**Exercise directions**
An exact copy is required of every line from the one with "Bride and grooms" through the end of the data below, and the pictures must stay out of it.

*** Opening Data block ***

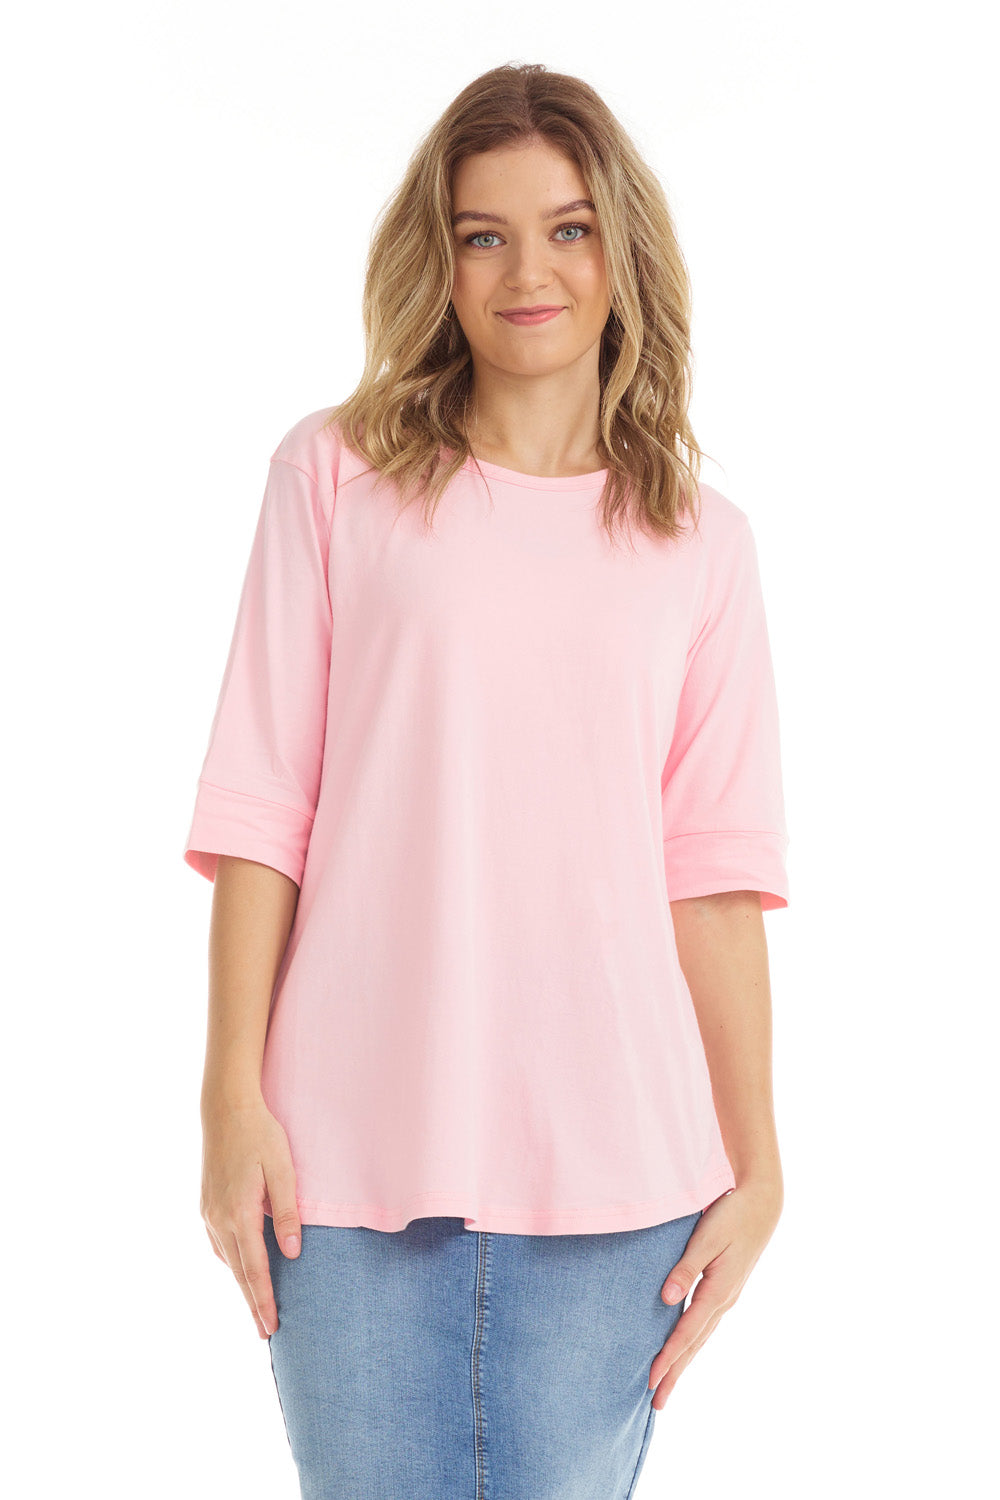 pastel pink elbow sleeve shirt with cuff sleeve
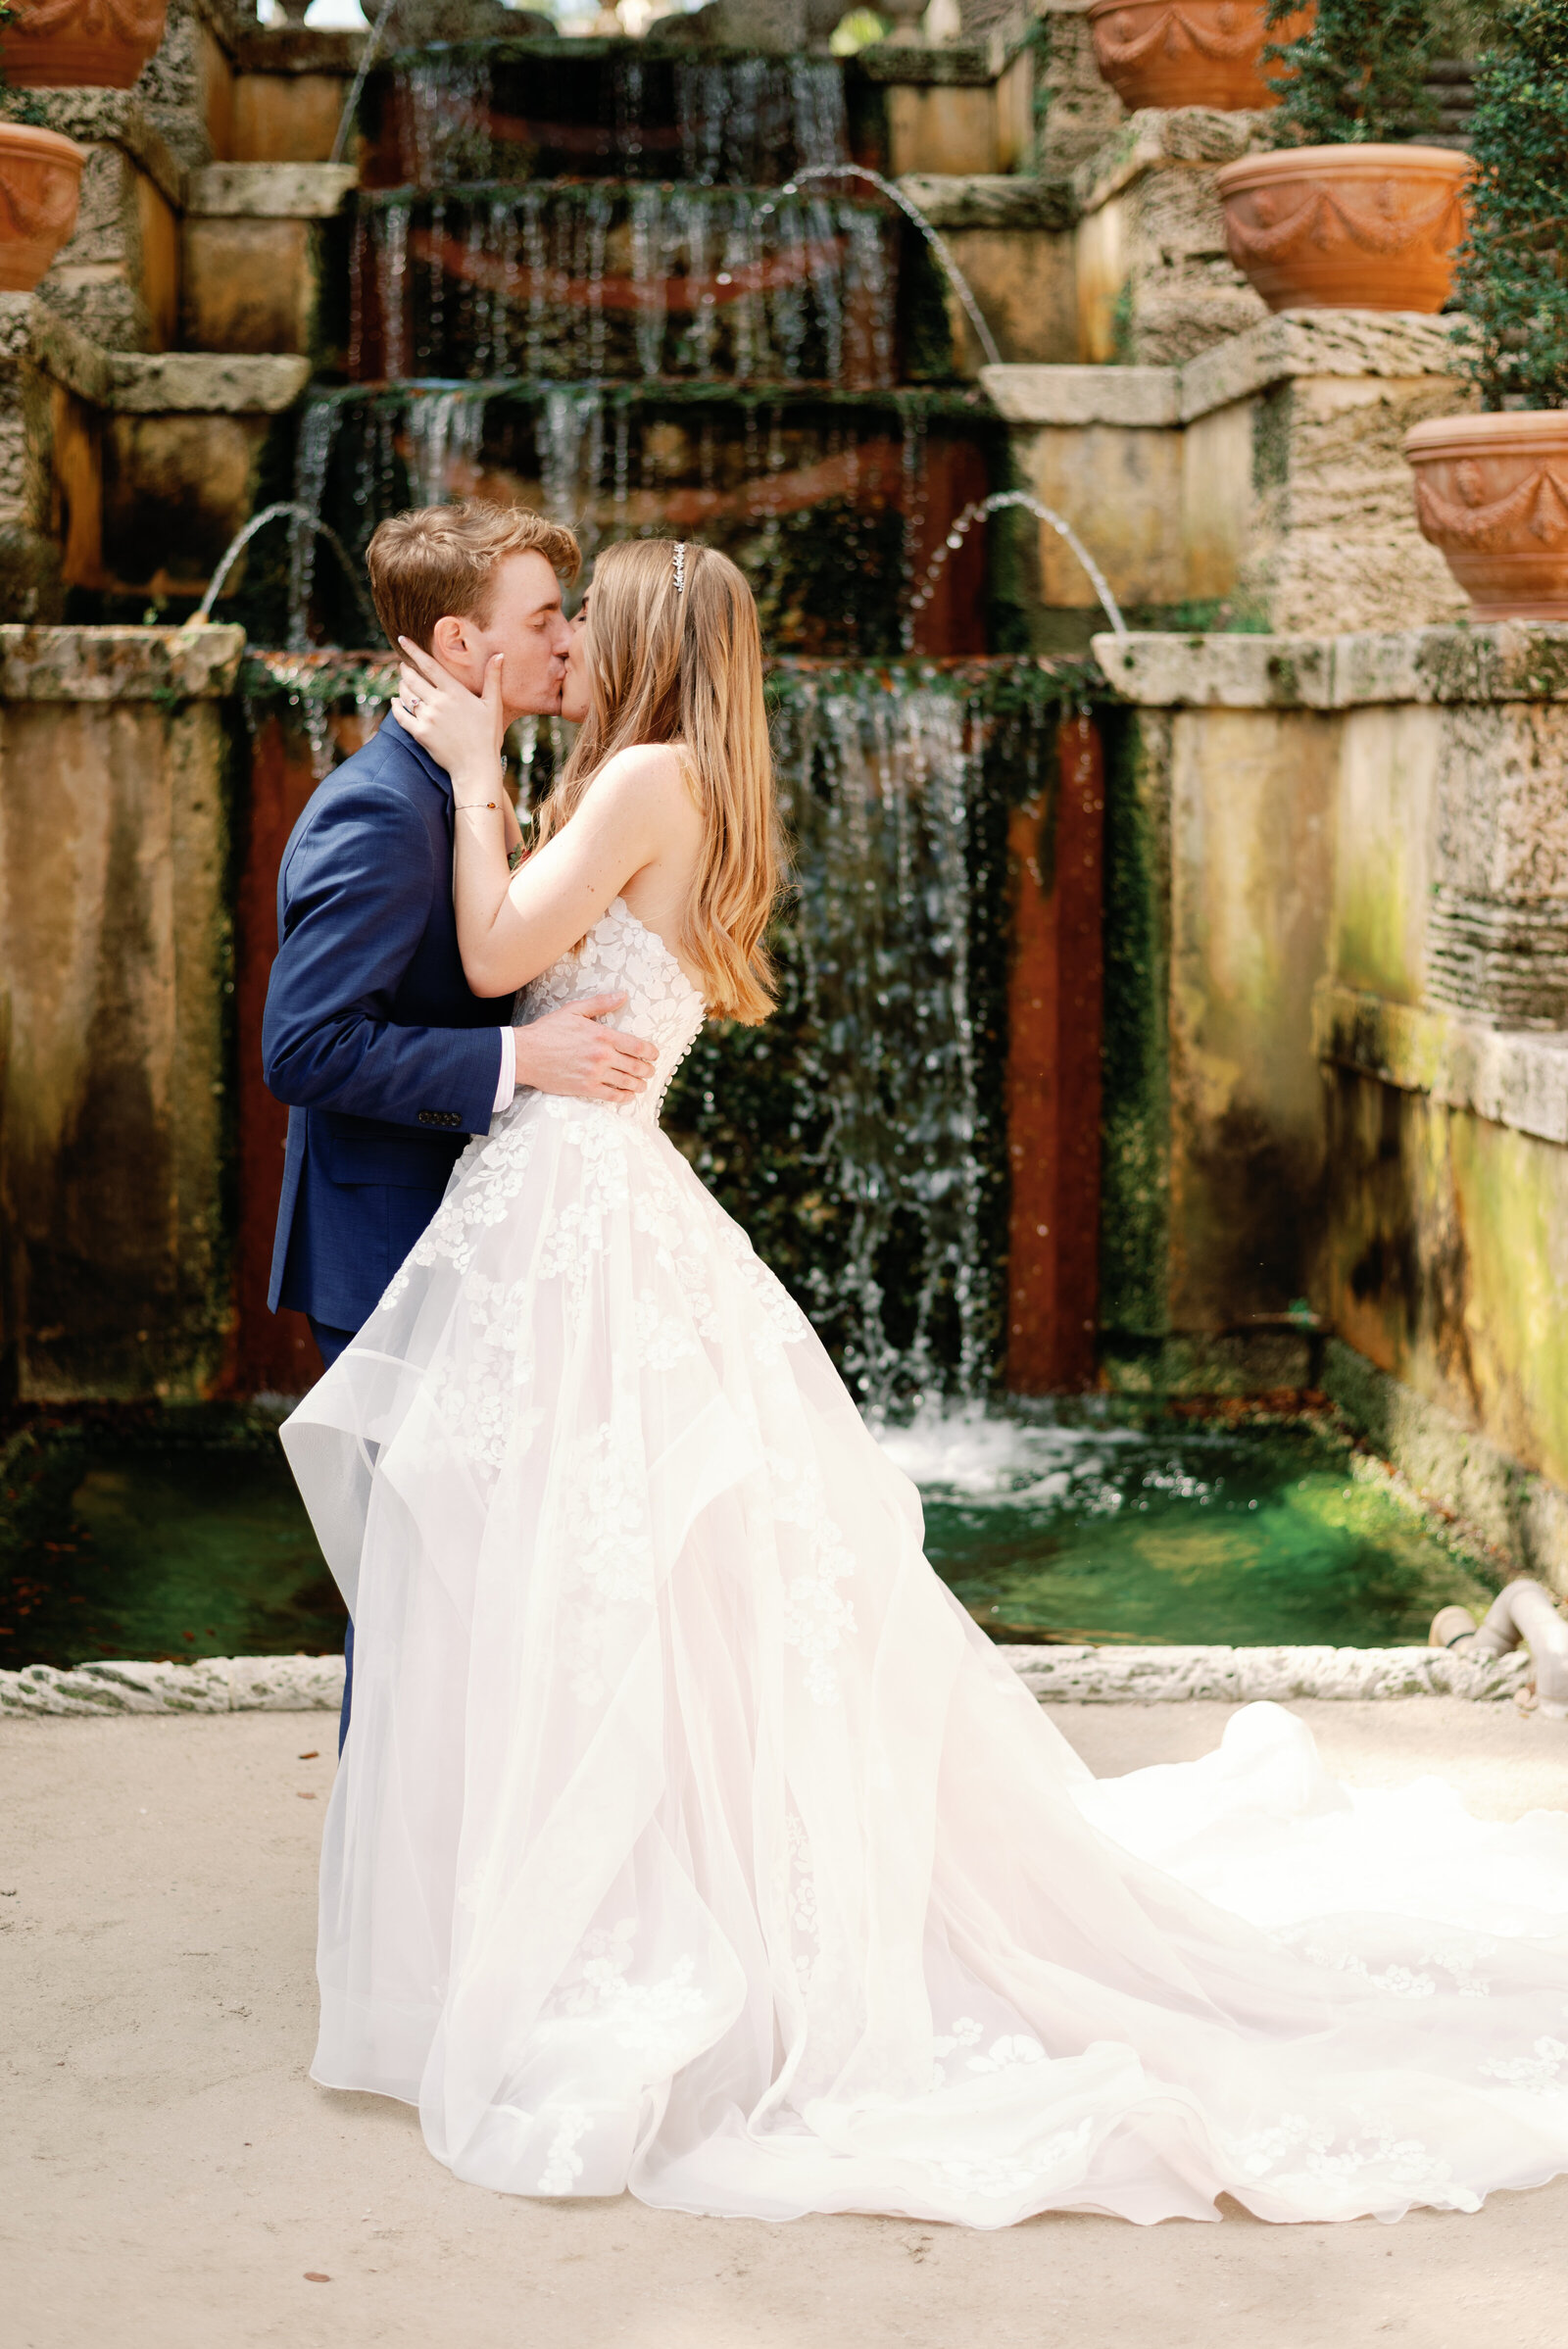 Bride and grooms first kiss after saying their vows
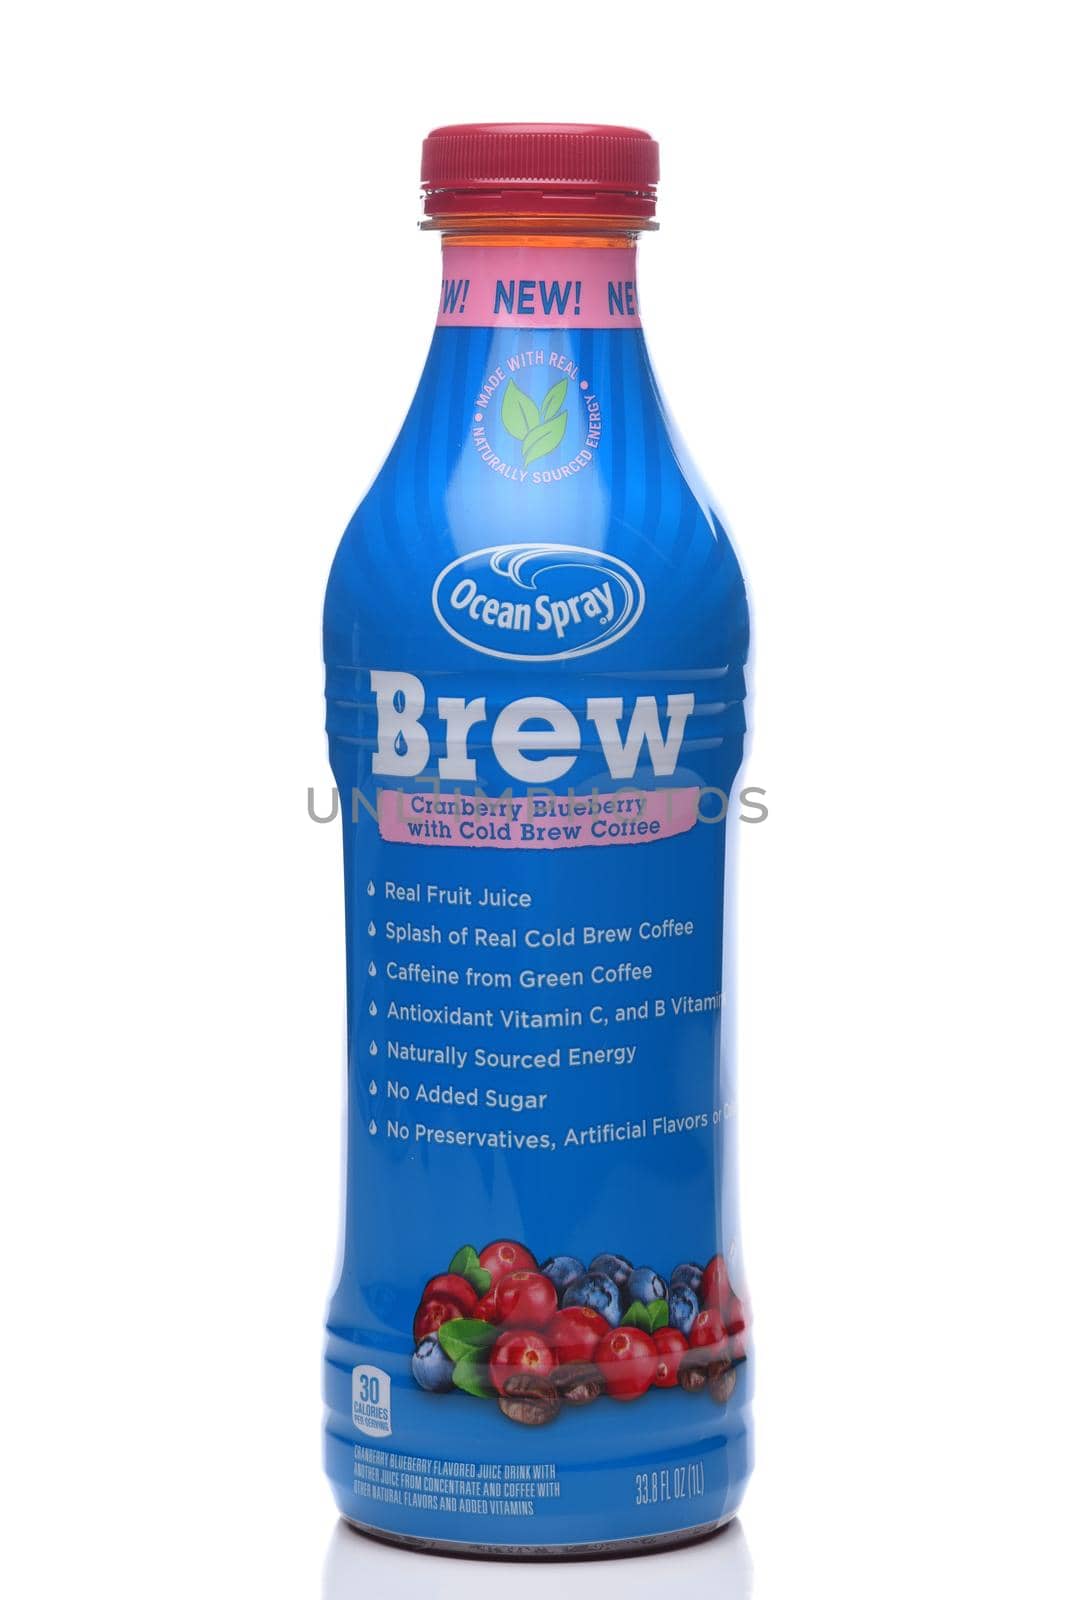 IRVINE, CALIFORNIA - 8 JUNE 2020: A bottle of Ocean Spray Brew, a Cold Brew Coffe with Cranberry and Blueberry flavoring. by sCukrov
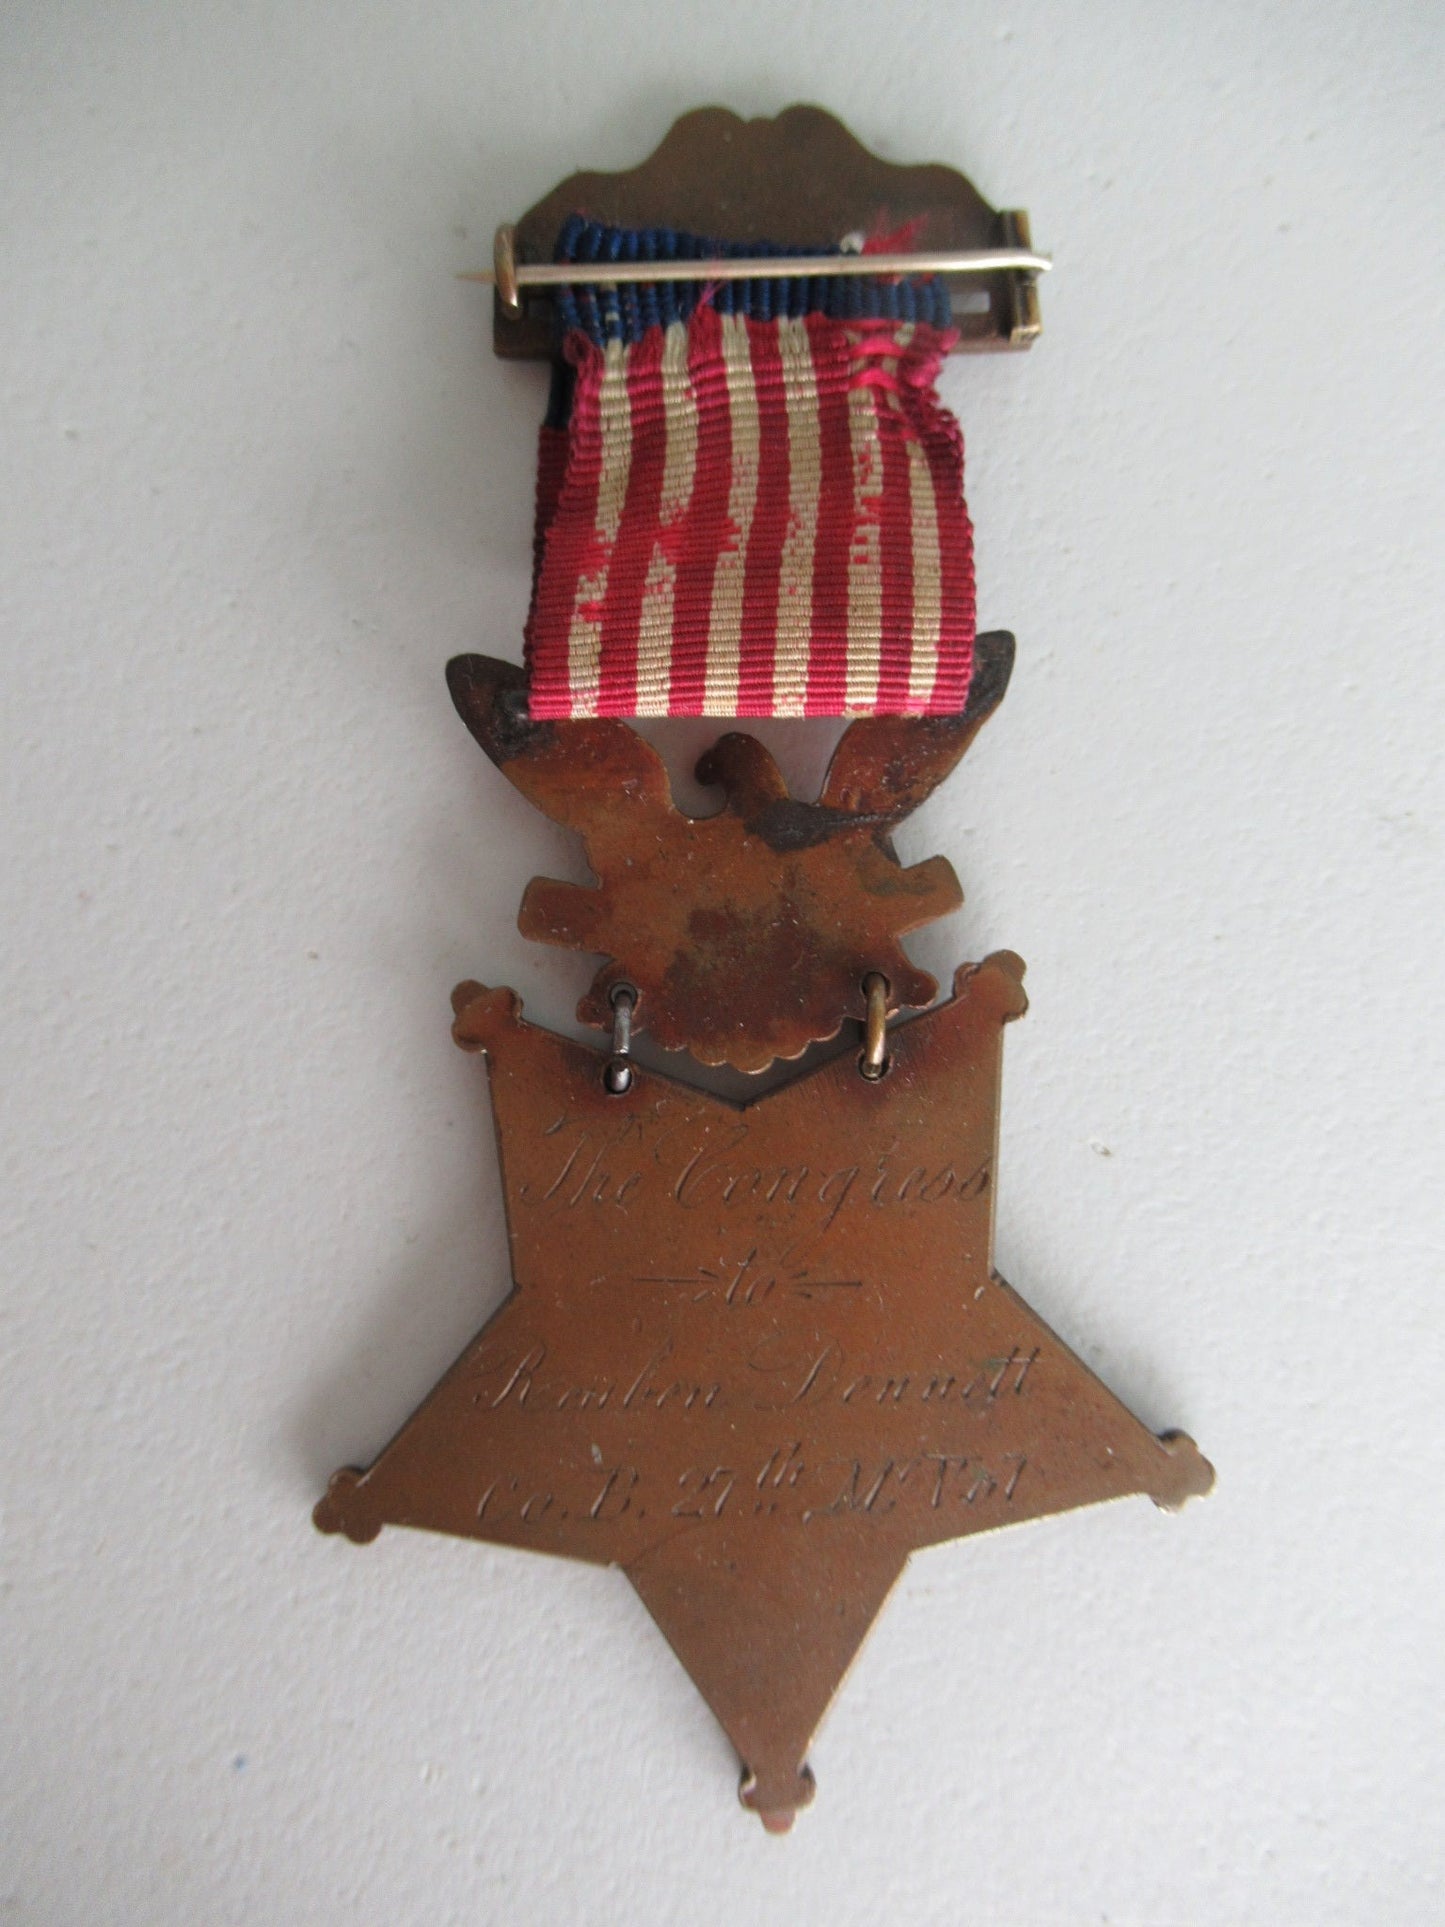 USA MOH MEDAL OF HONOR ARMY MEDAL. TYPE 1. CIVIL WAR PERIOD. Back side

*** Closing Data block ***

**Expected answer**
 Bride and grooms first kiss after saying their vows
 IRVINE, CALIFORNIA - 8 JUNE 2020: A bottle of Ocean Spray Brew, a Cold Brew Coffe with Cranberry and Blueberry flavoring. by sCukrov
 USA MOH MEDAL OF HONOR ARMY MEDAL. TYPE 1. CIVIL WAR PERIOD. Back side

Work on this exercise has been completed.